I suspect the linguistic cross currents in frontier areas like north Gaul
were quite a complex of Latin, Celtic & Germanic streams.

[GAINE]
>
>        Well, actually I asked about the French meaning because of the link
>between "vagina" and "vanilla", Fr. "vanille".

I'll look again.

>For it did also give "vagin" in the end.

A learned borrowing I assume.

>We have the verb "dégainer", which bascially means "to
>unsheath/draw a weapon".

Like Welsh 'dadweinio'   ;-)

>But "gaine" itself is not used to mean sheath now,
>and it is why I asked if this is what you meant (actually, I never realized
>the connection until now!). I asked because the modern Fr. meaning is the
>link between "vanille" and "vagin", something that a friend, a teacher in
>college and I never expected to find!

Well, let's see.  French 'vanille', like English 'vanilla' is derived from
Spanish 'vainilla'.  The latter is a diminutive of 'vaina'.
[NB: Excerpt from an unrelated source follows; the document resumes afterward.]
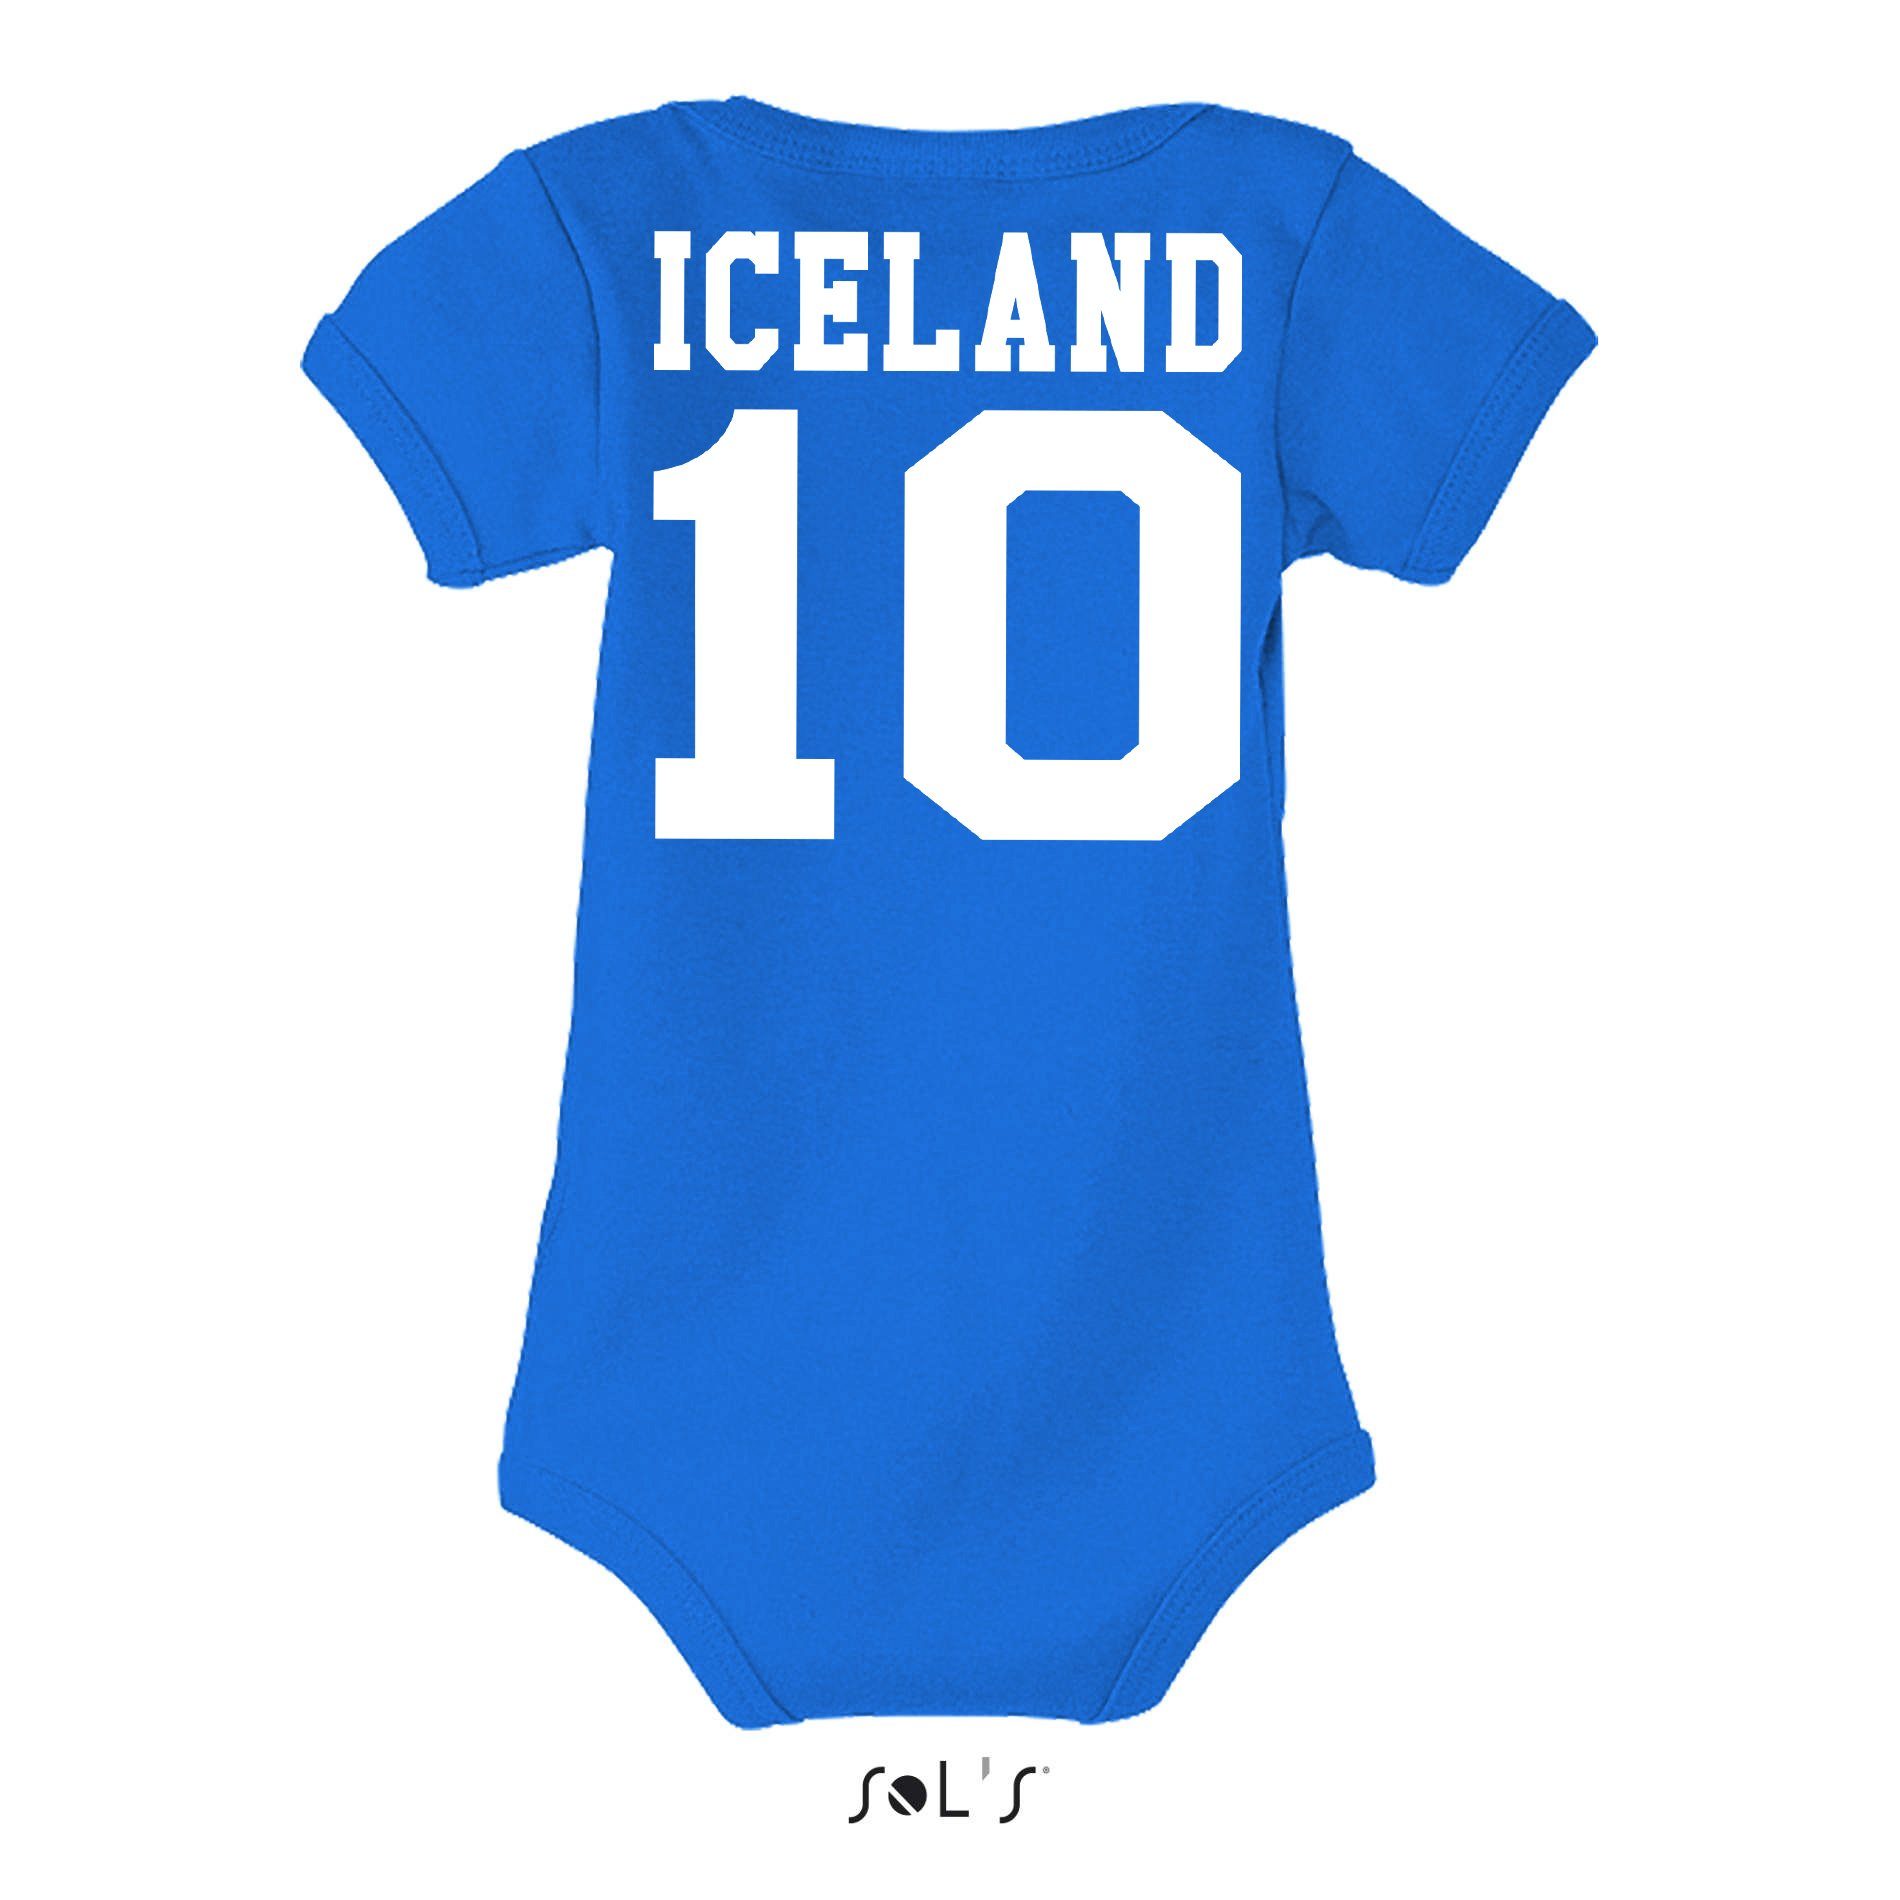 Brownie Island WM Baby Meister Weiss/Blau Trikot Handball Strampler Blondie EM & Iceland Kinder Sport Fußball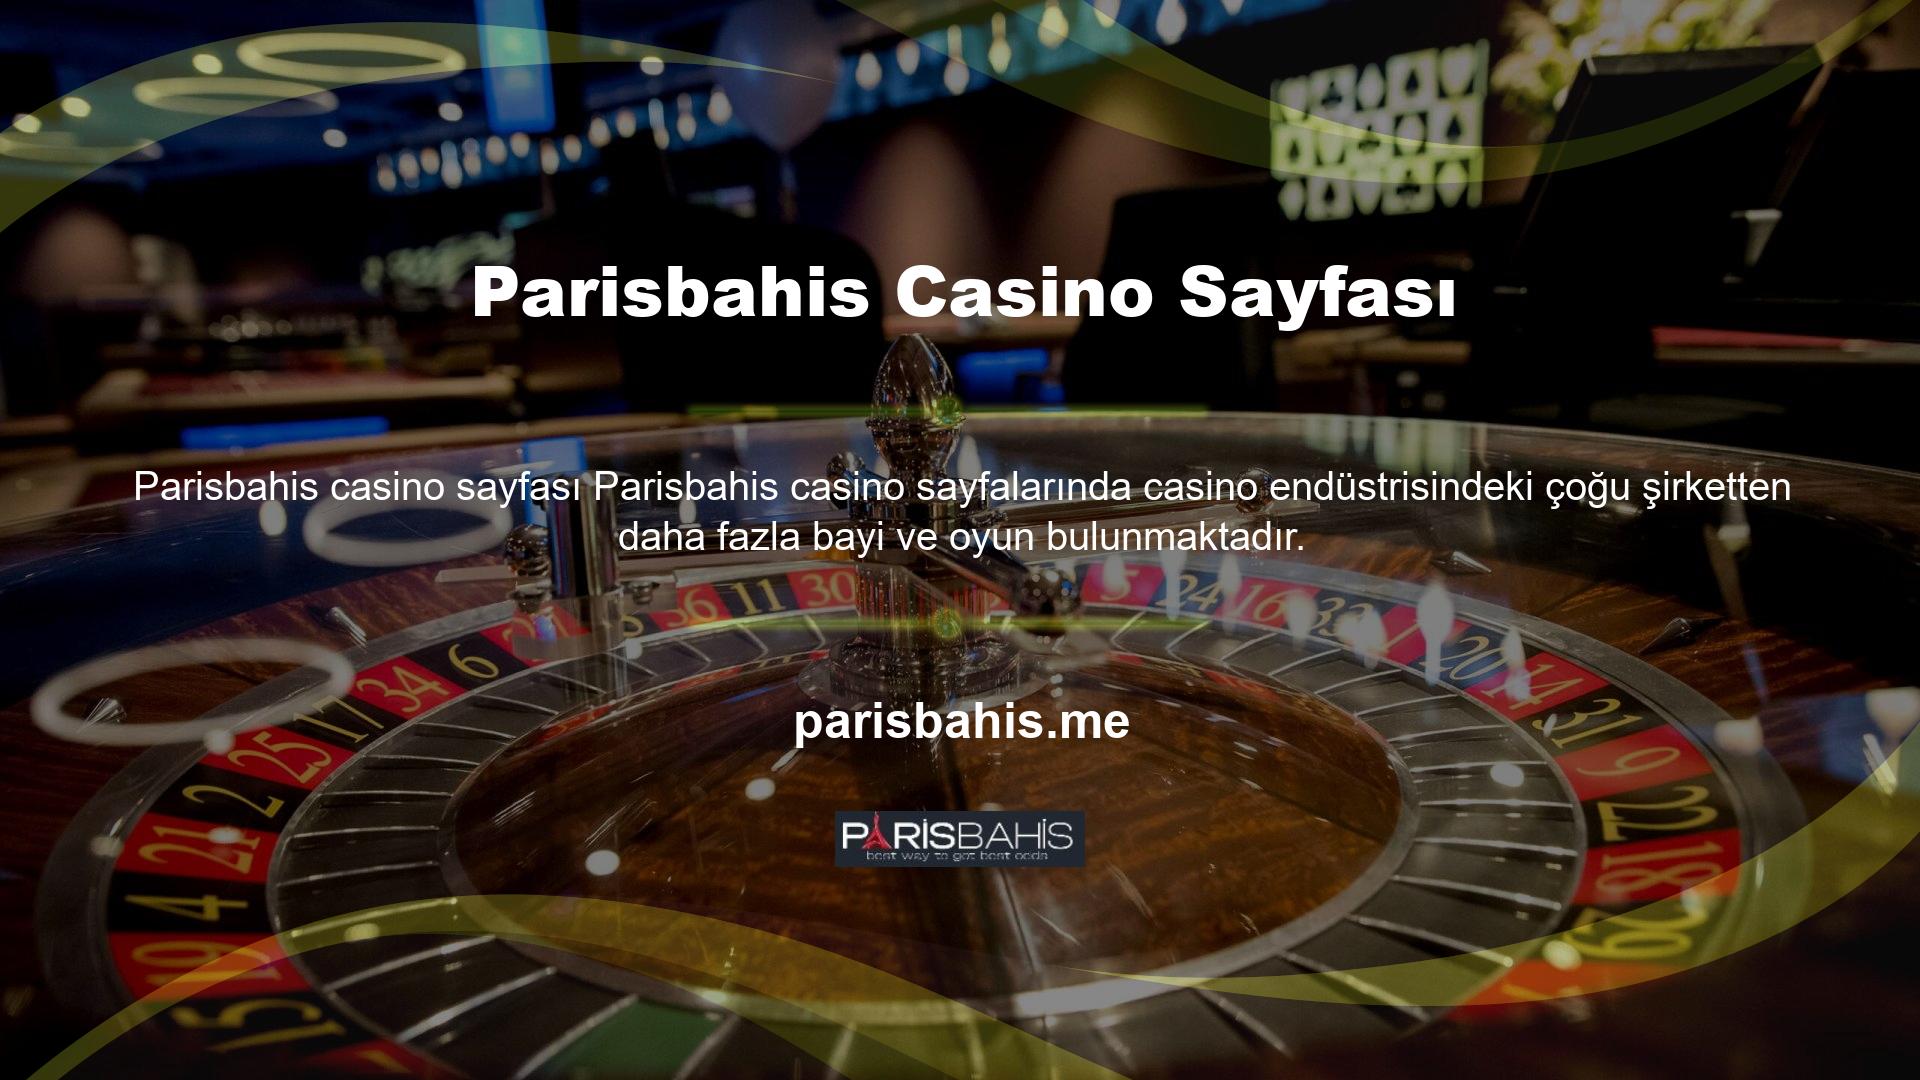 Canlı casino makalemizde açıklandığı gibi, casino sektöründe yasa dışı olan "casino" terimi, casino dışında, özellikle de slot makinelerinde casino oynamayı ifade etmektedir

'vaina' means, as we would expect, 'sheath, scabbard; case or covering (for
tool); husk, pod, shell (of a plant)'.   Obviously 'vainilla' is from the
latter meaning.

I find that in Latin American use it has various colloquial meanings, e.g.
'a nuisance, something troublesome'; 'a fluke, piece of luck'; 'a swindle',
and I believe in Cuban Spanish it's used to mean "sexual intercourse" (tho
not in polite speech!).

The meaning 'covering (for a tool)' is suggestive; in colloquial English
'tool' is often used to mean "penis"; and, indeed, the word 'sheath' is
sometimes used to mean a condom.  So it'd not surprise me to find that the
Spanish 'vaina' and/or Fr. 'gaine' (even Welsh 'gwain') was used this
meaning in colloquial speech.

I've checked their ancestor, the Latin 'ua:gi:na'; its principal meaning
is, of course, 'sheath', 'scabbard'; but it was also used in the Classical
period  for 'shell' or 'husk' of plants (just like the Spanish word still
is), and sometimes just as a general word for 'a covering'.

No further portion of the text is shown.